_Activity:_
Leaving the pictures aside, transcribe every line below exactly.

Segment Start: Dataset excerpt

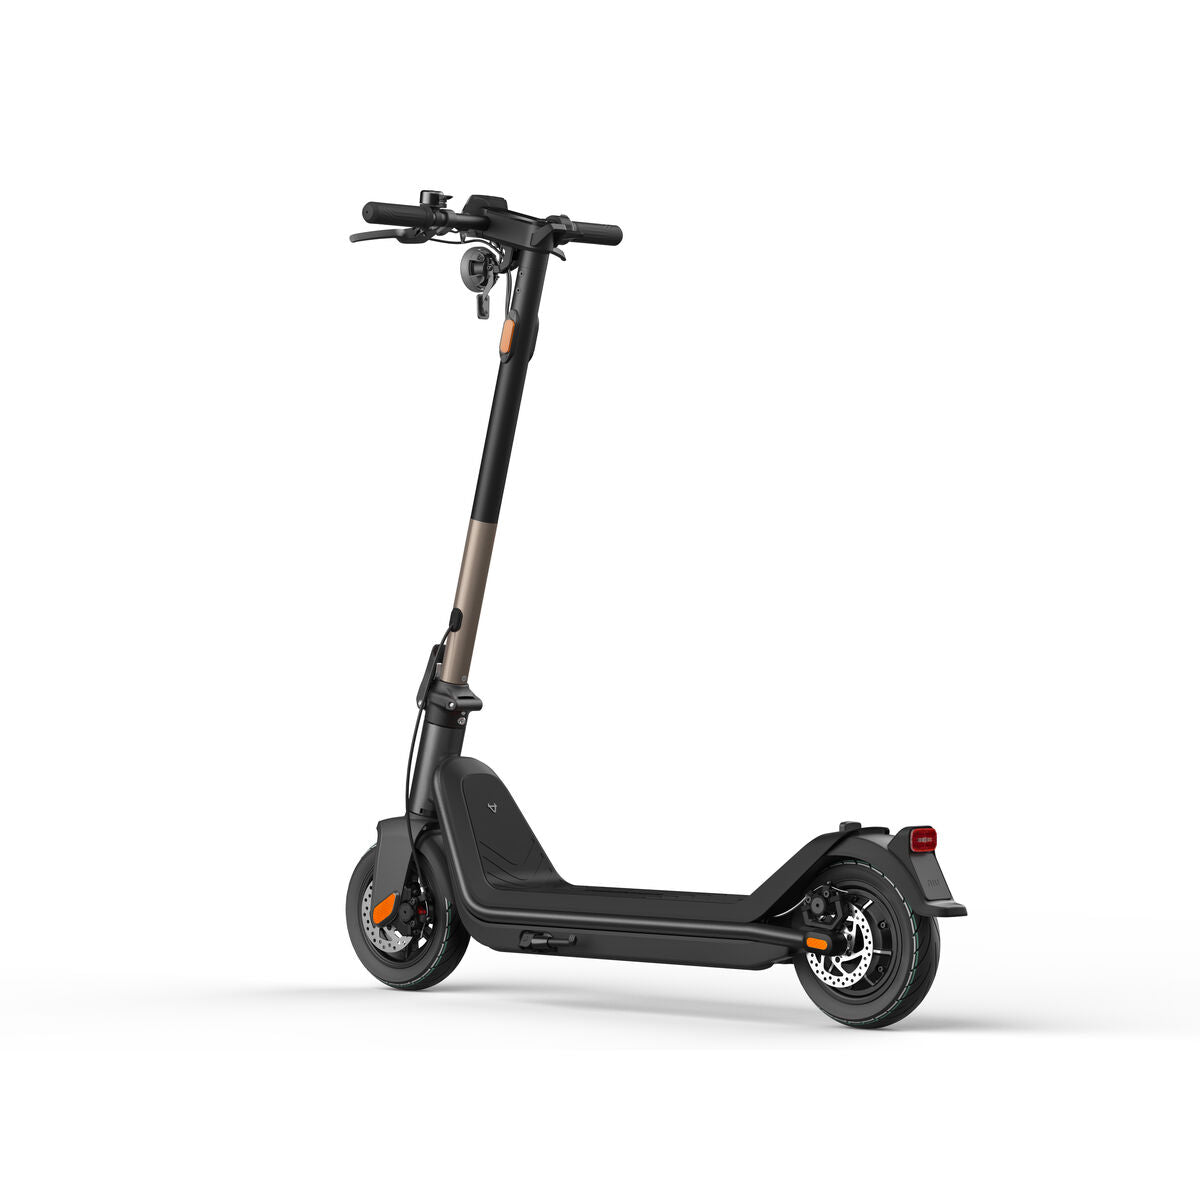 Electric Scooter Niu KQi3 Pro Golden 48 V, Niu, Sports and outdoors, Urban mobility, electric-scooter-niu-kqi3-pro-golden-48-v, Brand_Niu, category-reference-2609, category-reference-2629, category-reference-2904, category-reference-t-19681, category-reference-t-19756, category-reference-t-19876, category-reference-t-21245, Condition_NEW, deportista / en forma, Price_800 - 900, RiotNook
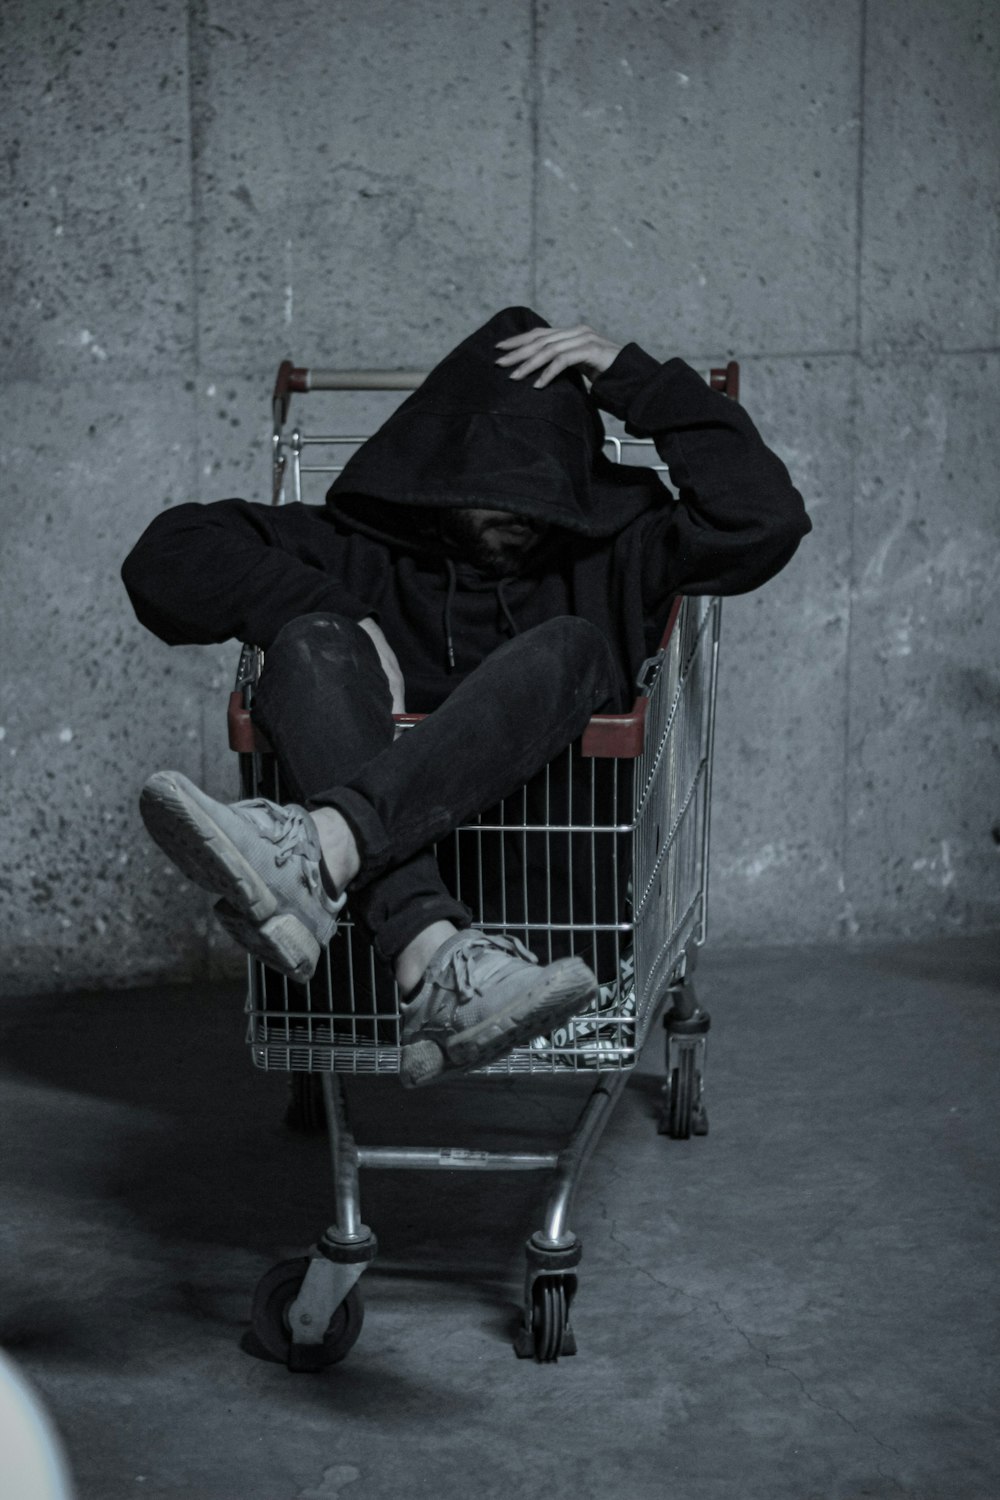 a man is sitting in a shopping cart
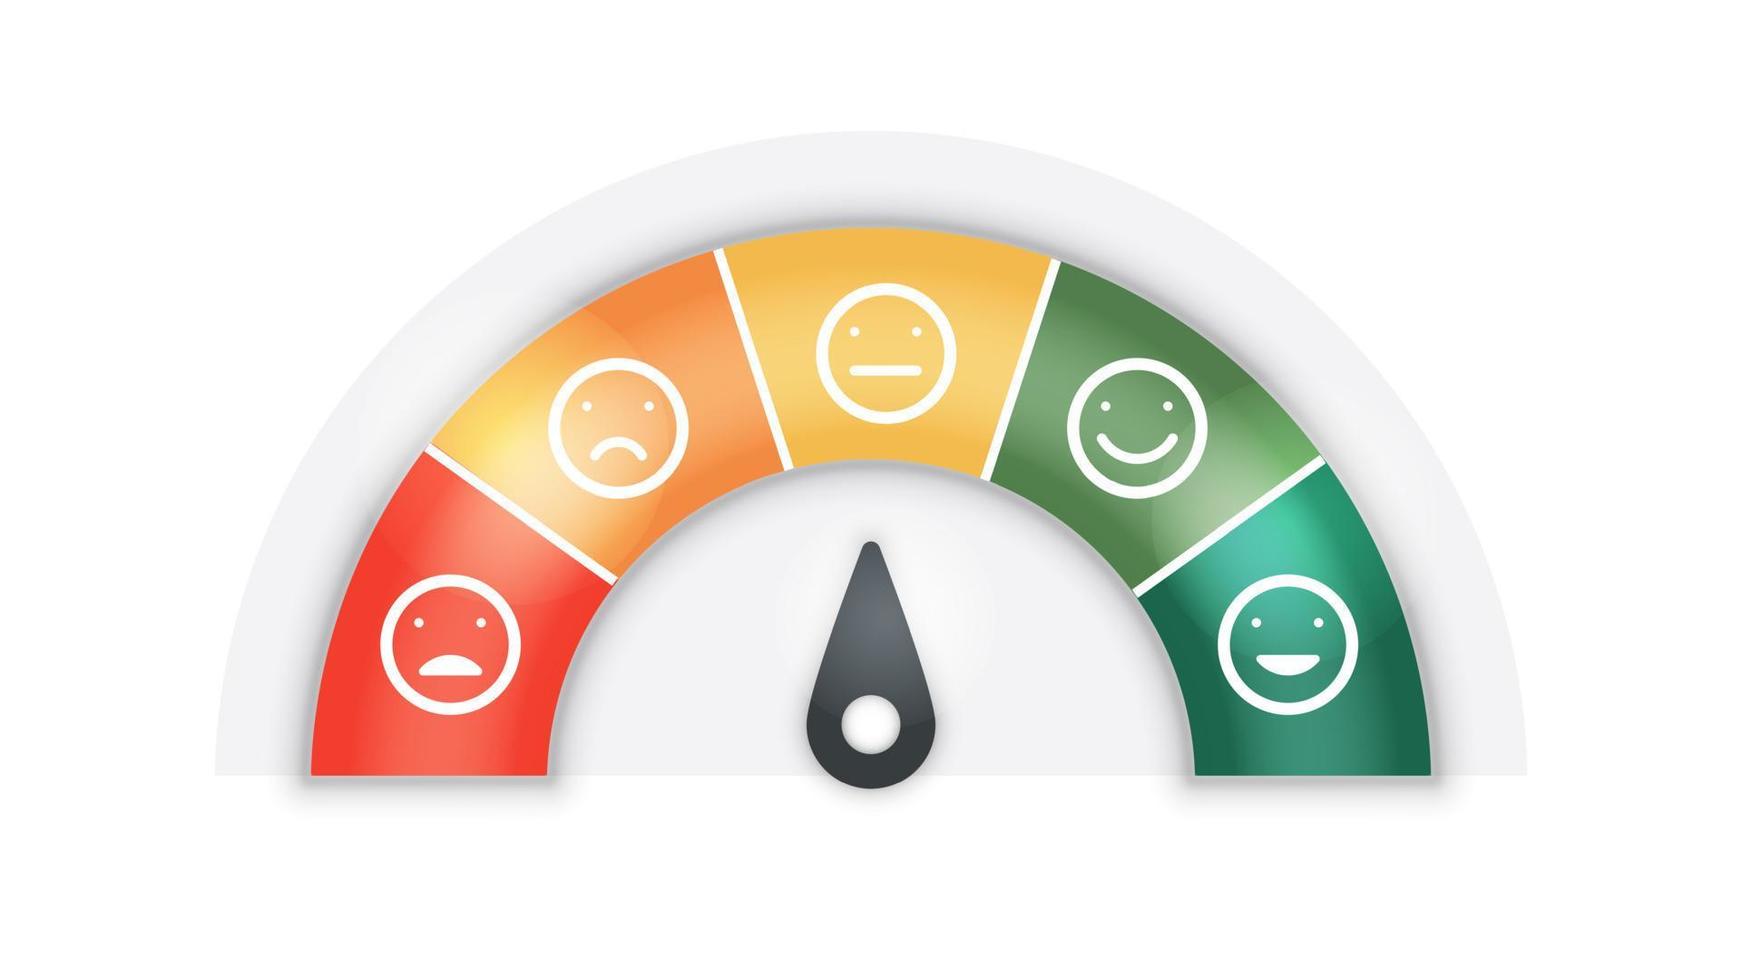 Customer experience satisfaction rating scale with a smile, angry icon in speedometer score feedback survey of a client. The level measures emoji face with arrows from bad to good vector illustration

Segment End: Dataset excerpt

_Reply:_
 Electric Scooter Niu KQi3 Pro Golden 48 V, Niu, Sports and outdoors, Urban mobility, electric-scooter-niu-kqi3-pro-golden-48-v, Brand_Niu, category-reference-2609, category-reference-2629, category-reference-2904, category-reference-t-19681, category-reference-t-19756, category-reference-t-19876, category-reference-t-21245, Condition_NEW, deportista / en forma, Price_800 - 900, RiotNook
 a man is sitting in a shopping cart
 Customer experience satisfaction rating scale with a smile, angry icon in speedometer score feedback survey of a client. The level measures emoji face with arrows from bad to good vector illustration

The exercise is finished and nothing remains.